=== What you have to do ===
Reproduce exactly, with no pictures, each line from the opening of the material down through the line containing "Silver Wide Width".

=== Input data ===

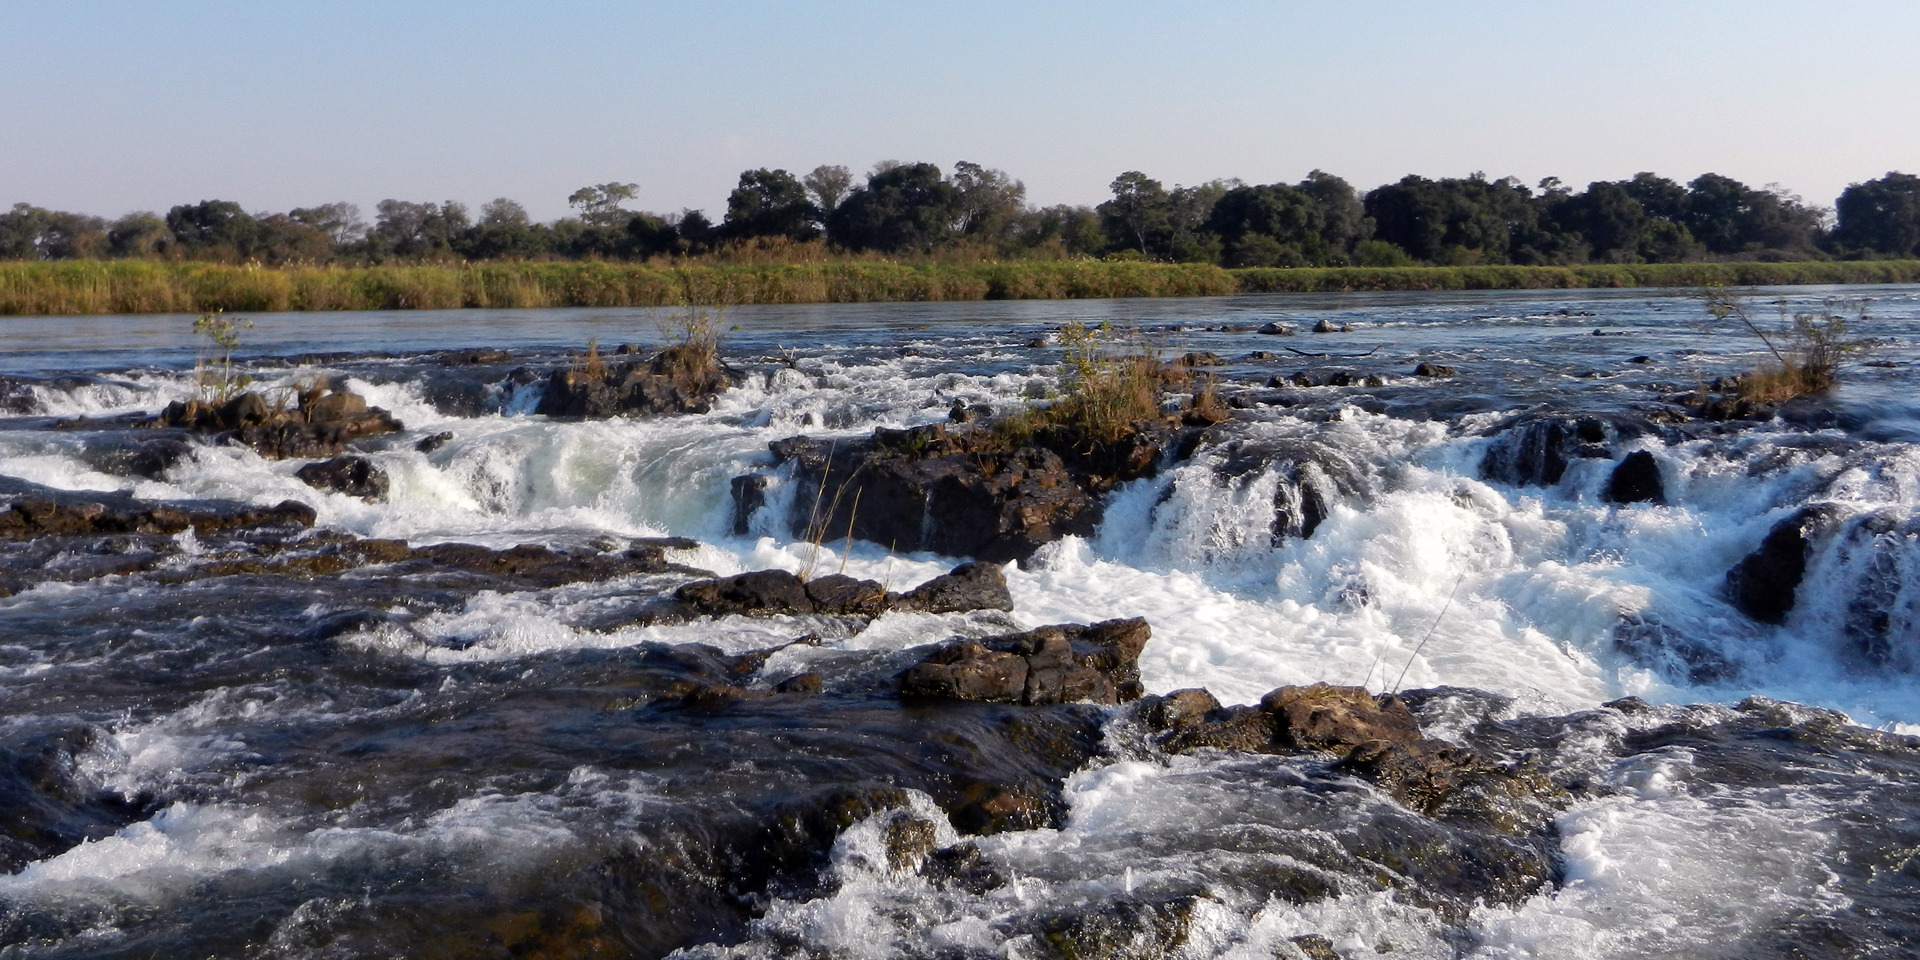 Image of rapids running across stones in a river surrounded by wetlands.
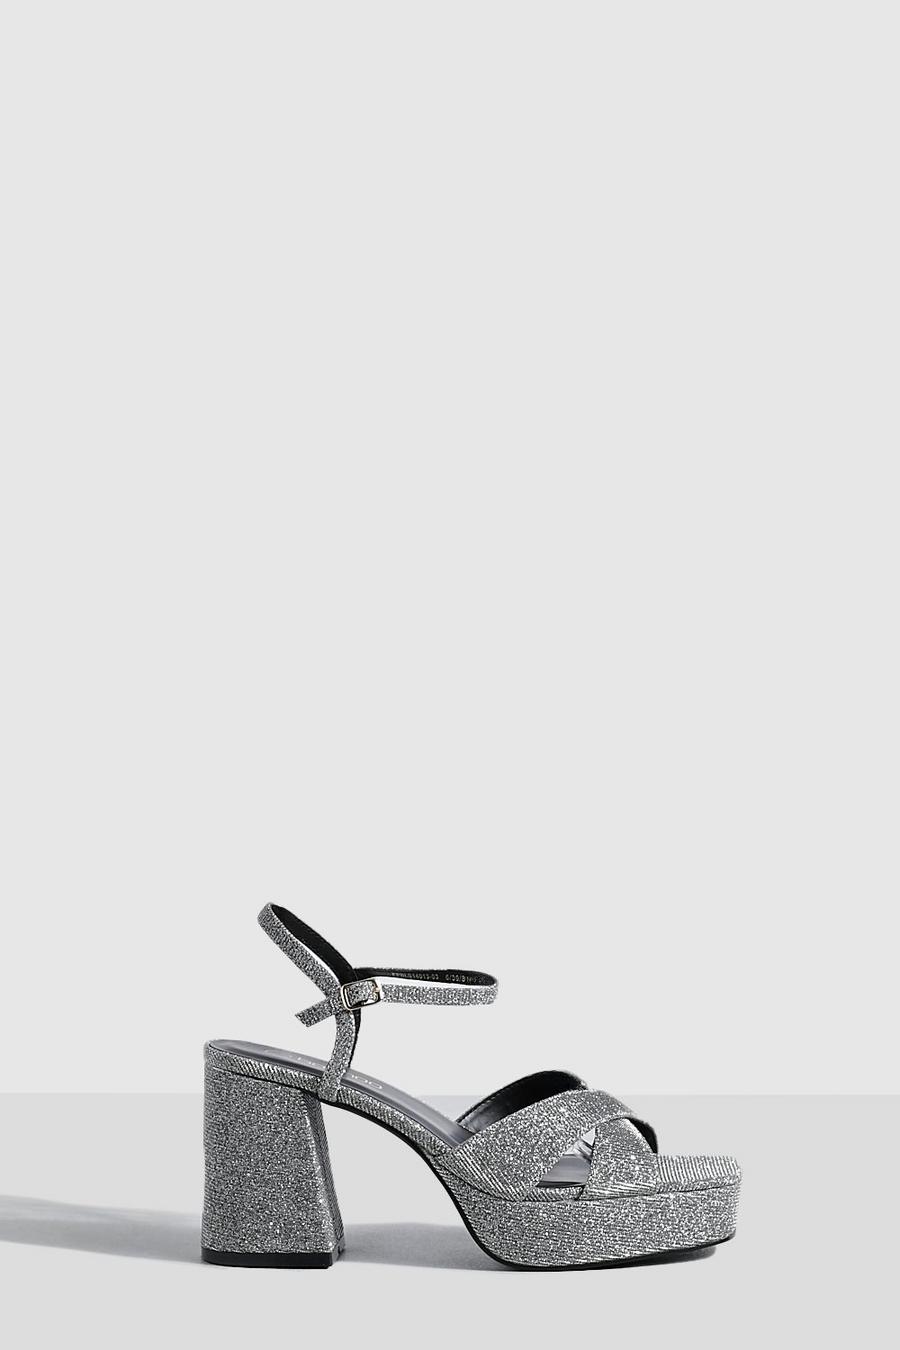 Silver Wide Width Metallic Crossover Mid Height Platforms
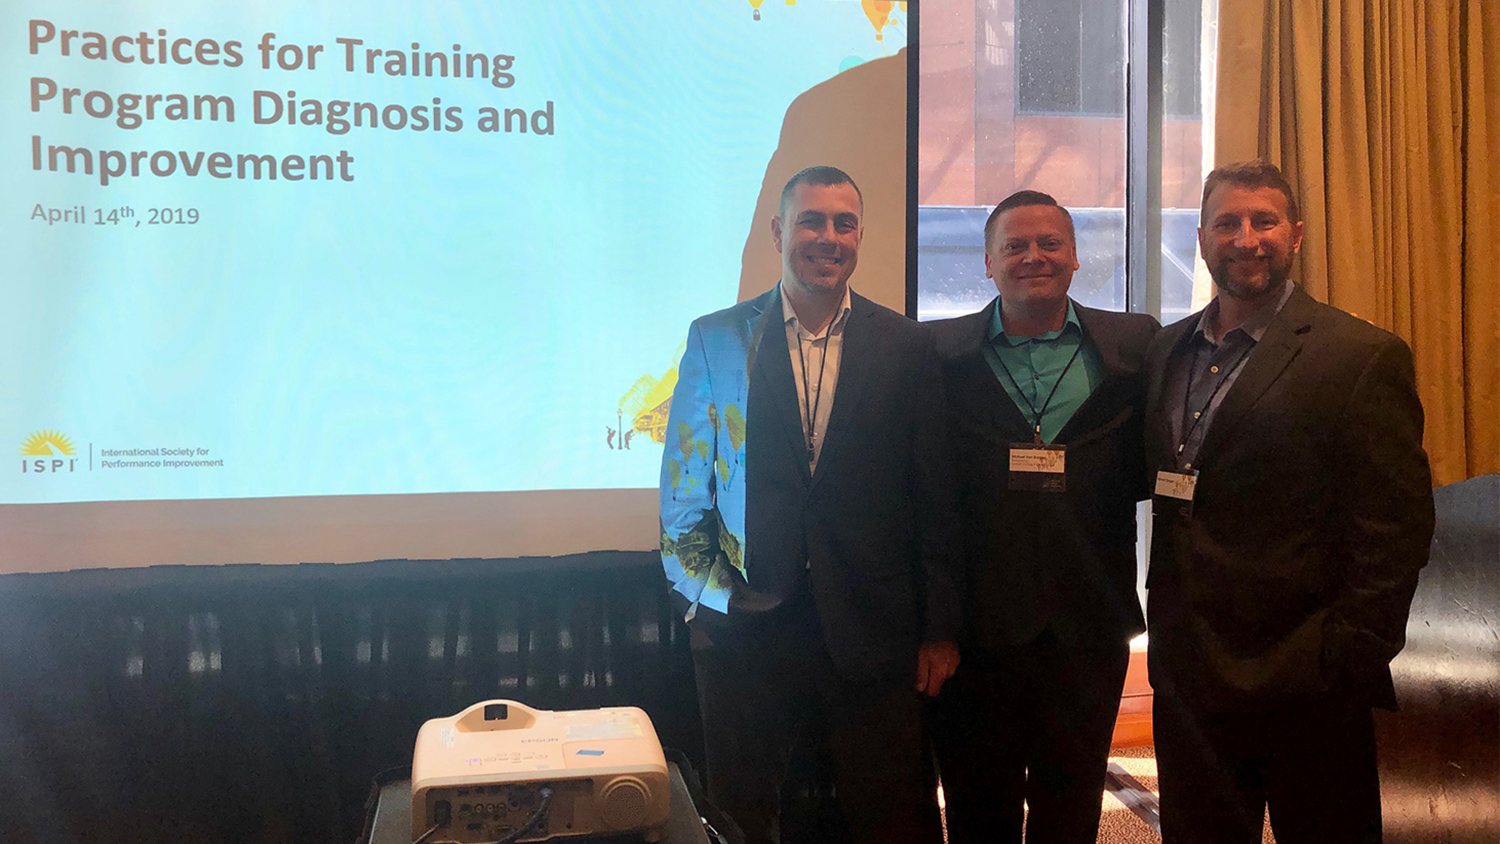 Jason Cook, Michael Von Bargen and Richard Singer at the International Society for Performance Improvement (ISPI) Annual Conference in New Orleans in April 2019. The group is set to graduate from the Master of Education in Training and Development program this May. The three are pictured in front of their presentation screen.
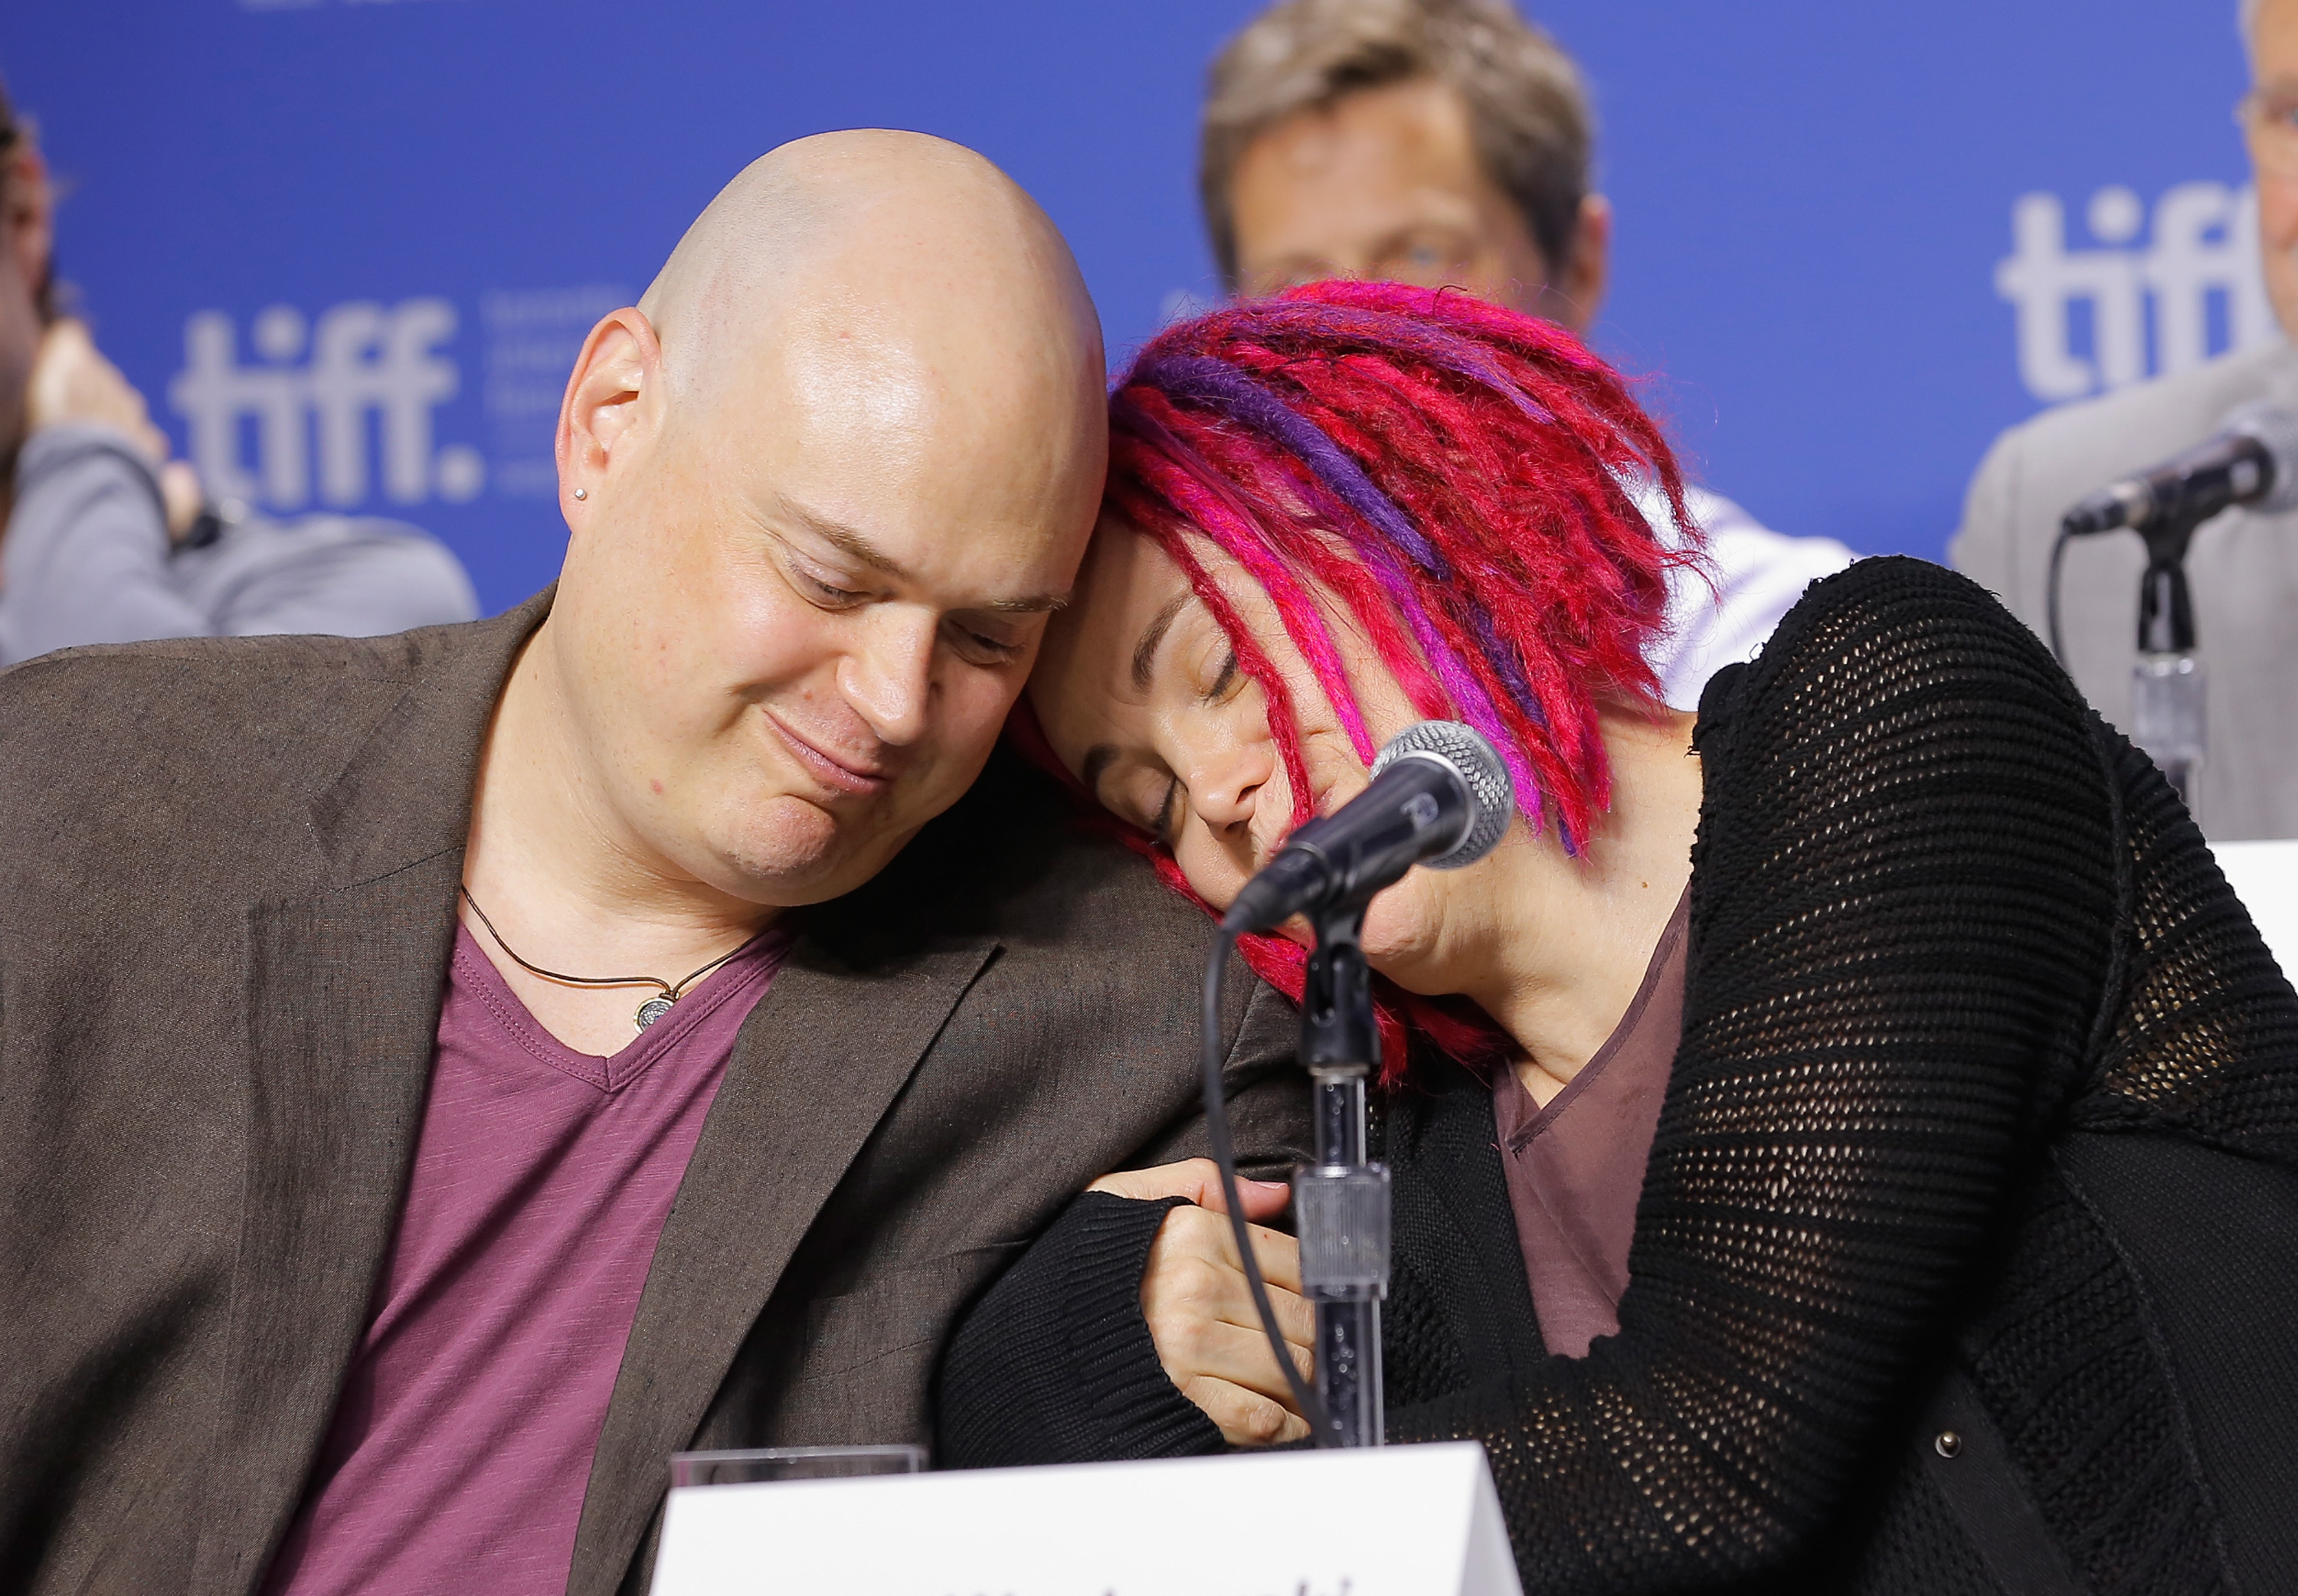 Andy Wachowski and Lana Wachowski speak onstage at the "Cloud Atlas" press conference at TIFF Bell Lightbox on September 9, 2012 in Toronto, Canada. | Source: Getty Images

=== Solution ===
 Image of rapids running across stones in a river surrounded by wetlands.
 Silver Wide Width Metallic Crossover Mid Height Platforms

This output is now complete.